=== Data provided ===
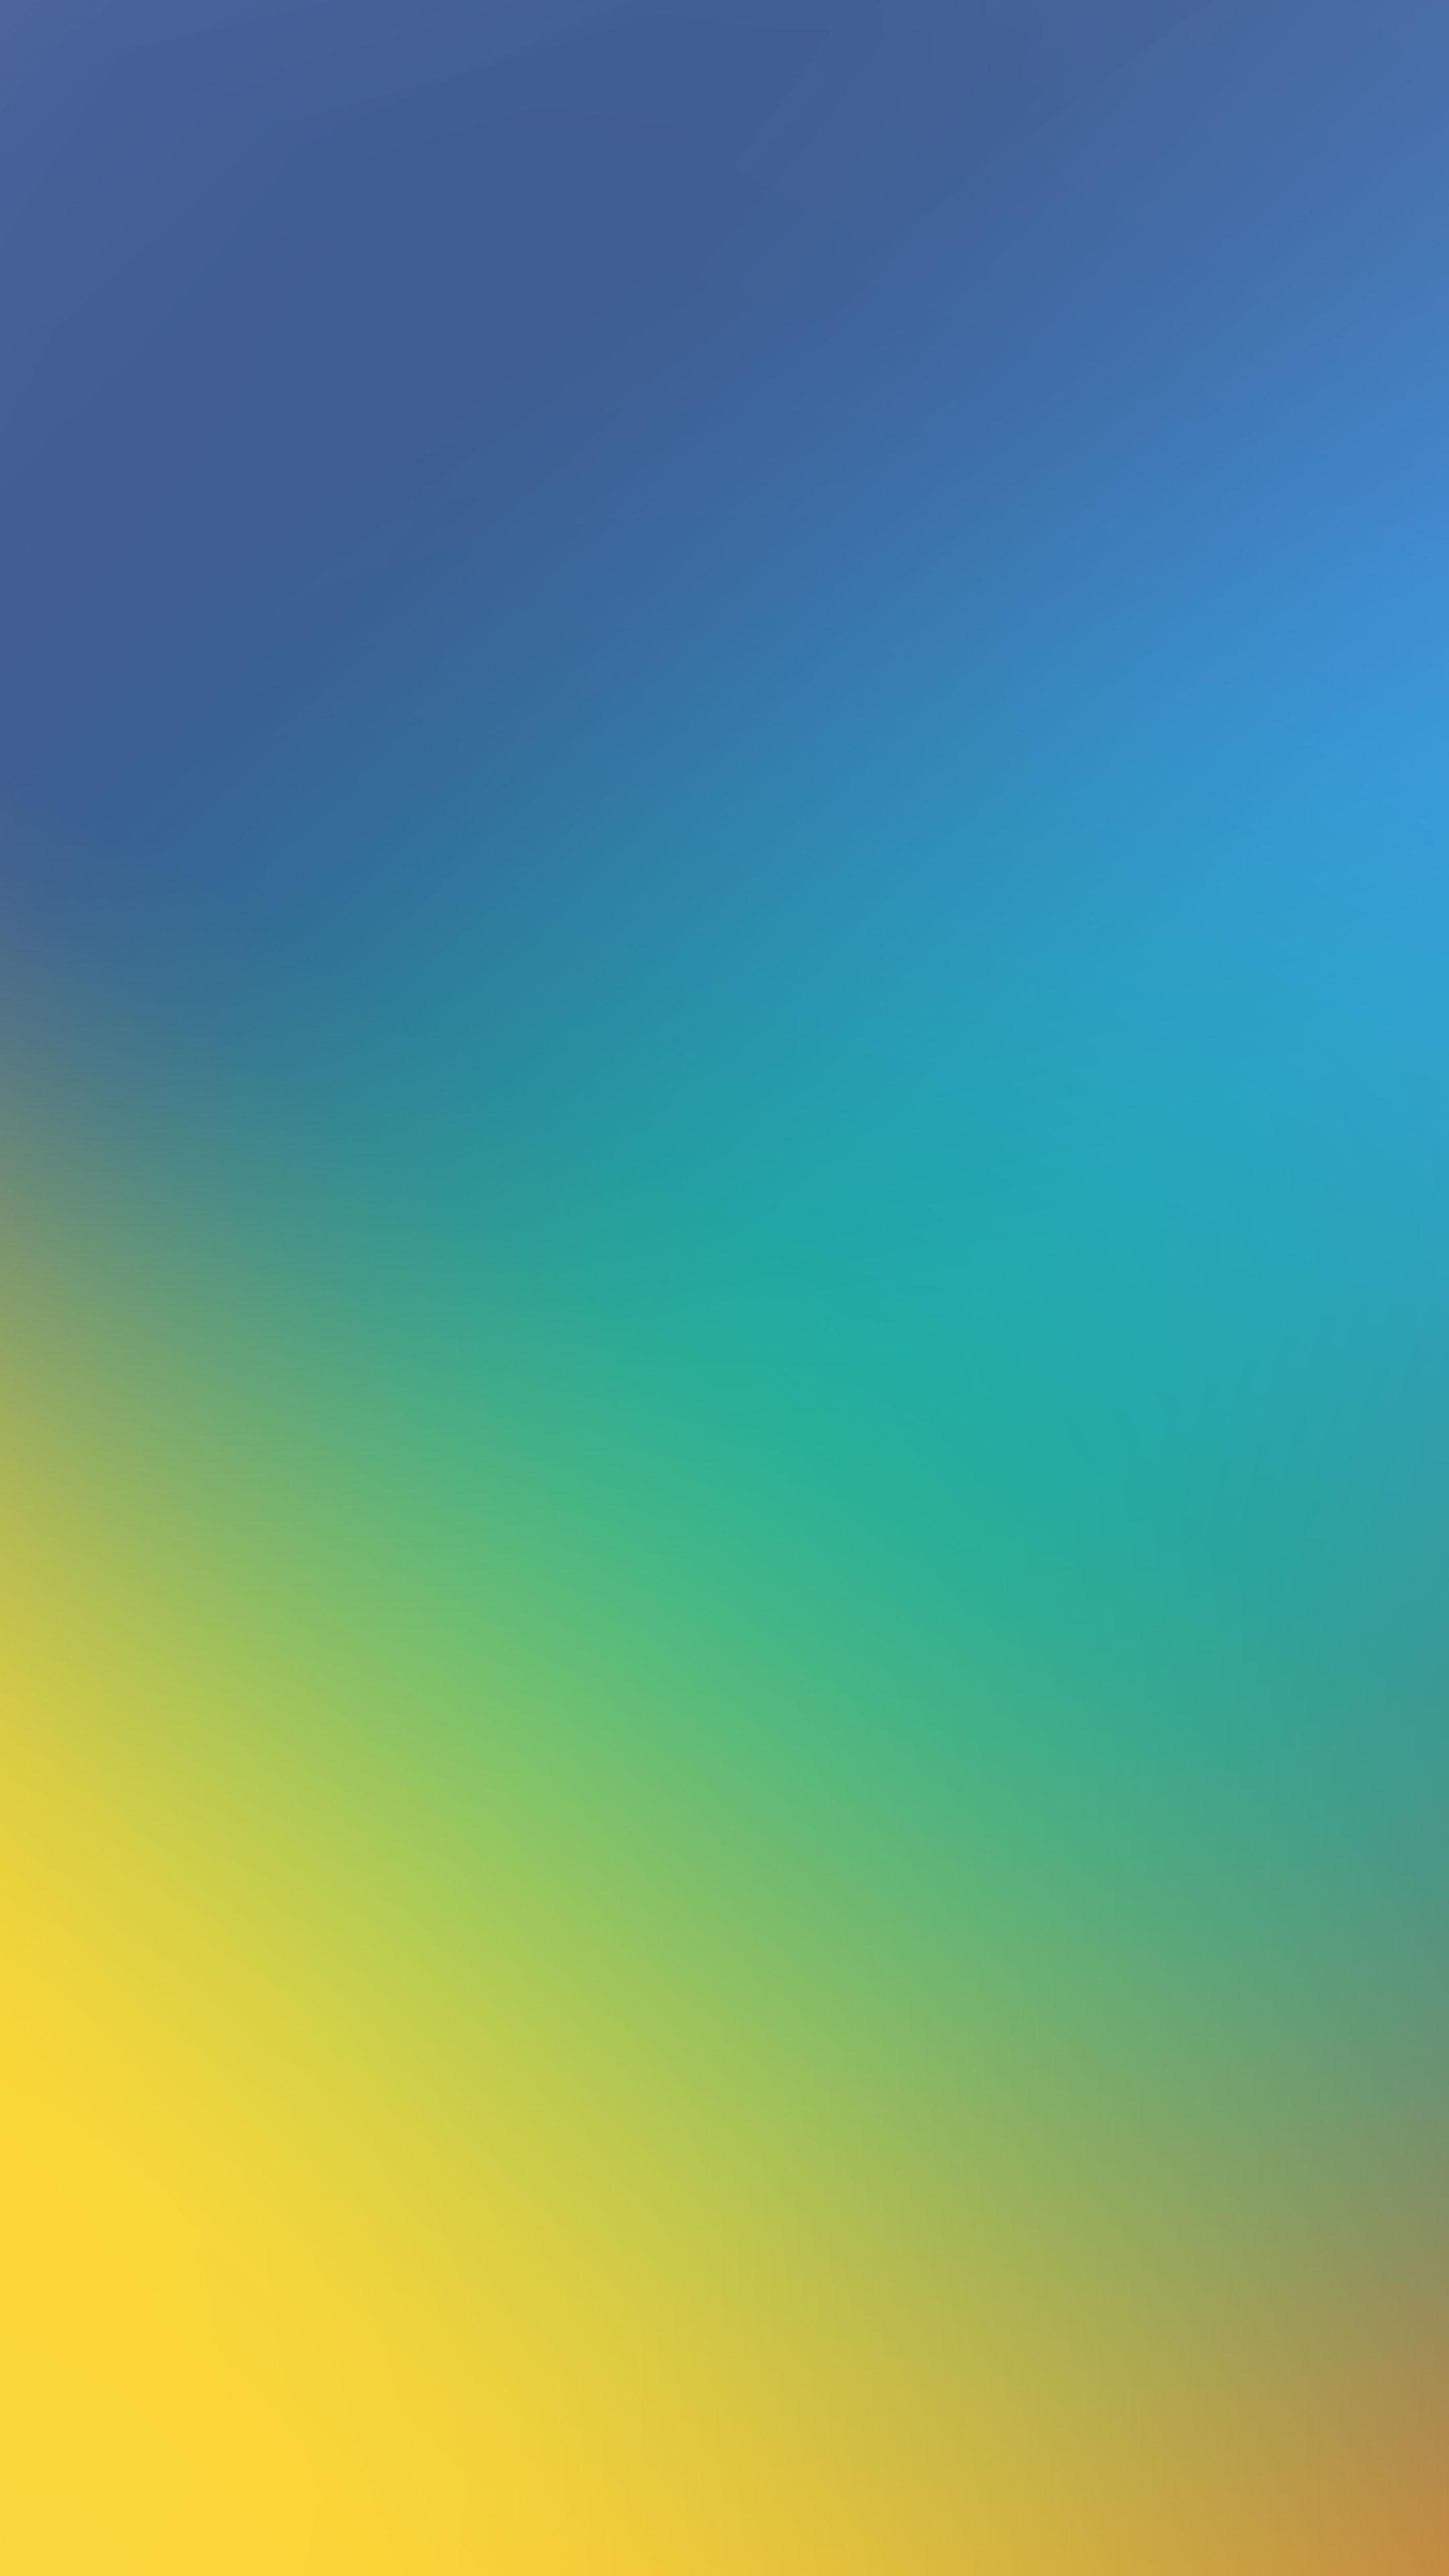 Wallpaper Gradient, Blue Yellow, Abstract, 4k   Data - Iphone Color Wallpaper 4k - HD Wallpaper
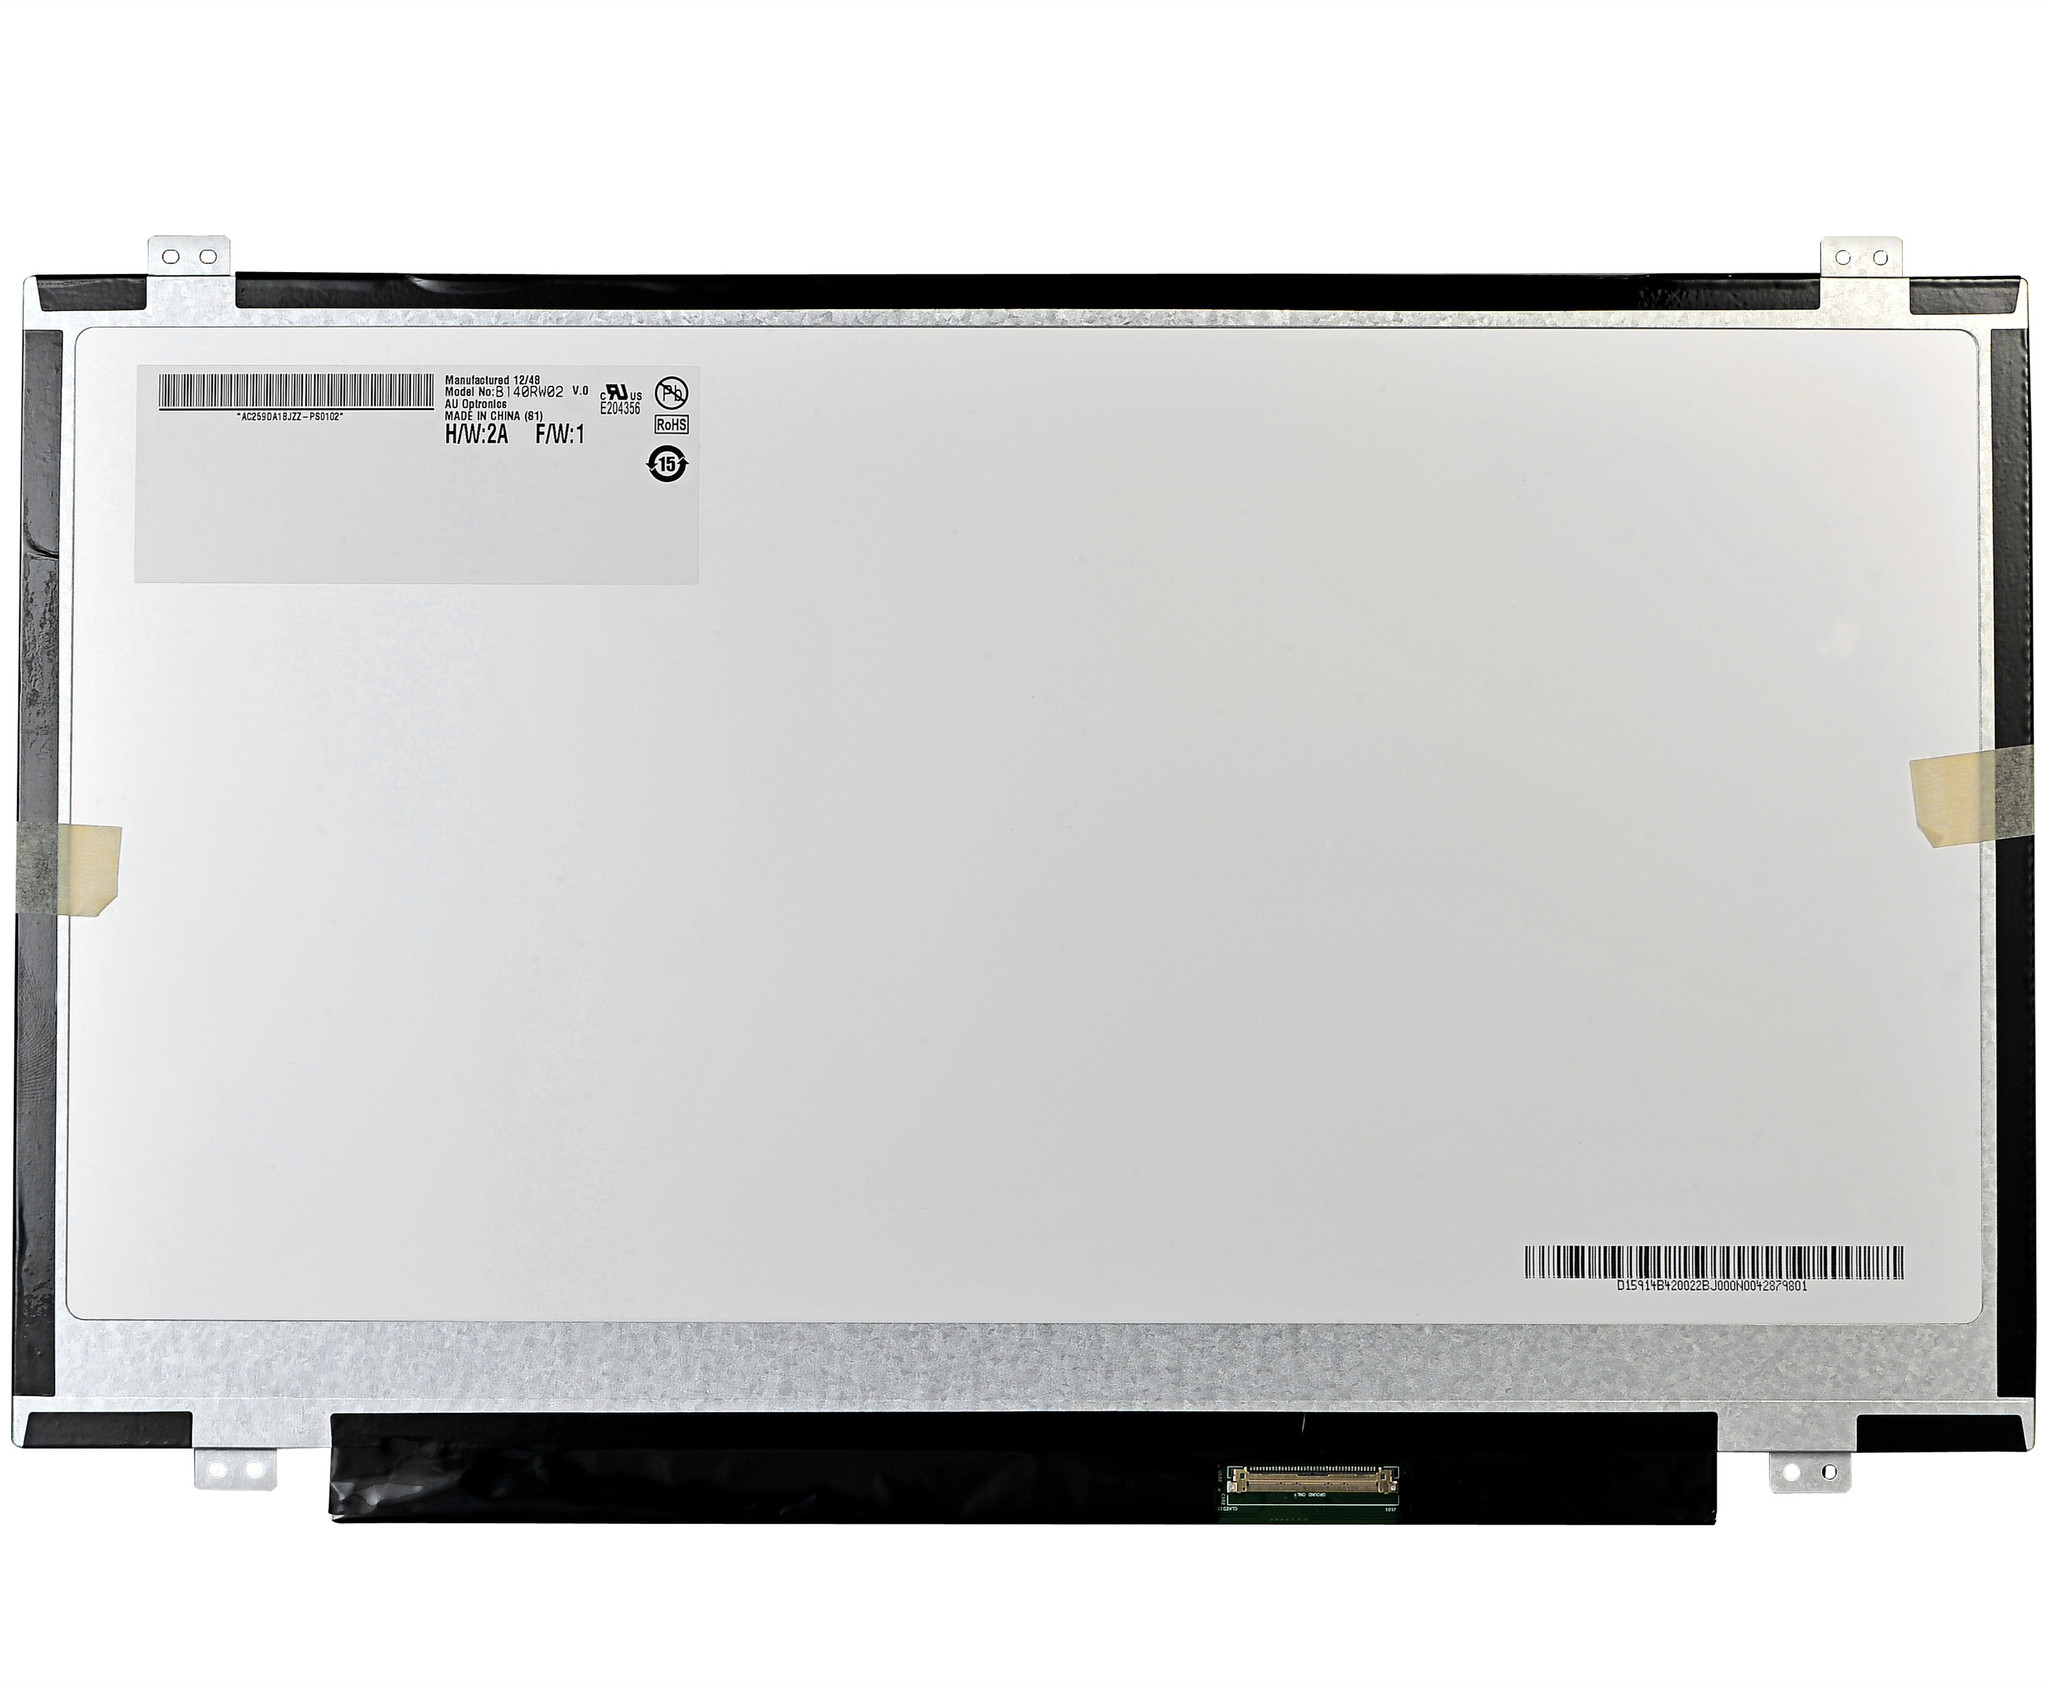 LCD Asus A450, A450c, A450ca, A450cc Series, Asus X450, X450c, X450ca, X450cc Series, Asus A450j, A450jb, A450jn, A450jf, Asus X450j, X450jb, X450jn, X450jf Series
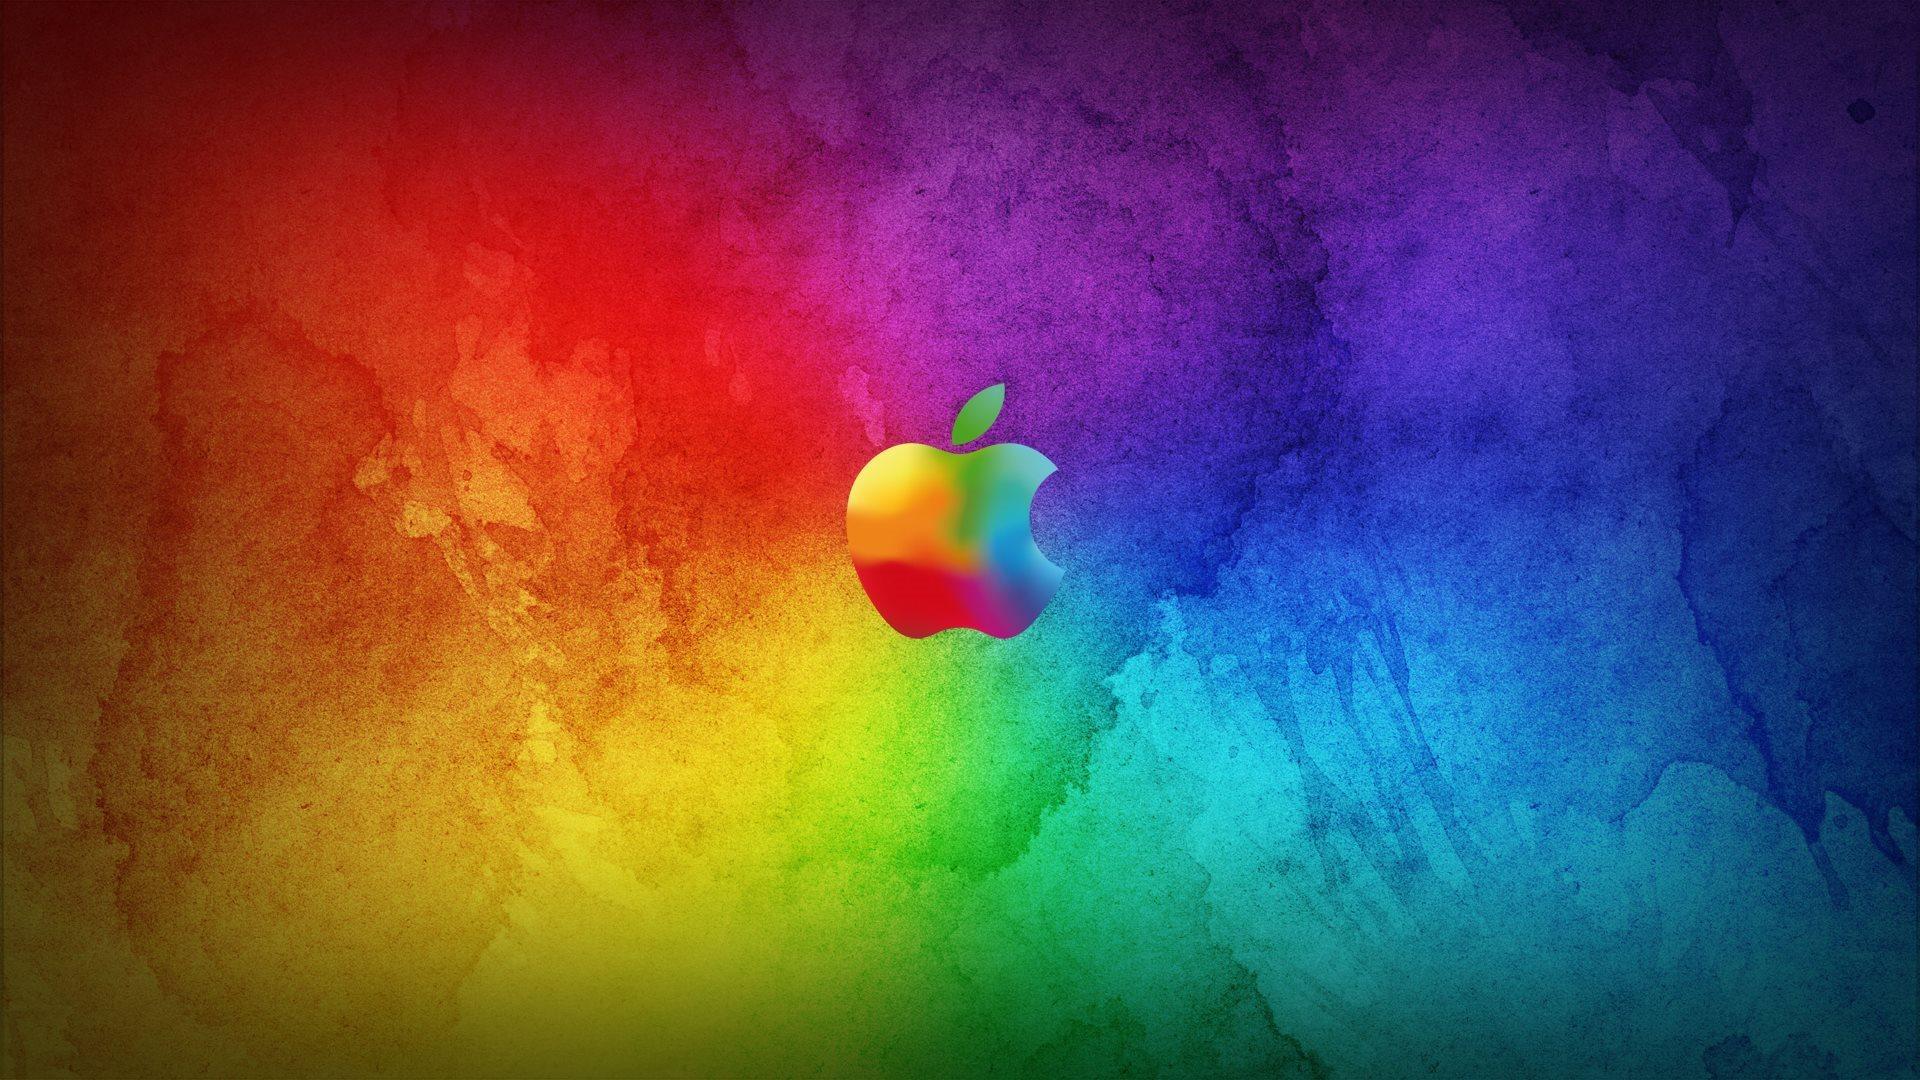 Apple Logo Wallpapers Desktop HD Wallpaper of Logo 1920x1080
===
- [Requirement]: The answer must be the full listing retyped exactly, with no pictures in it.

- [Answer to the exercise]:
 Wallpaper Gradient, Blue Yellow, Abstract, 4k   Data - Iphone Color Wallpaper 4k - HD Wallpaper
 LCD Asus A450, A450c, A450ca, A450cc Series, Asus X450, X450c, X450ca, X450cc Series, Asus A450j, A450jb, A450jn, A450jf, Asus X450j, X450jb, X450jn, X450jf Series
 Apple Logo Wallpapers Desktop HD Wallpaper of Logo 1920x1080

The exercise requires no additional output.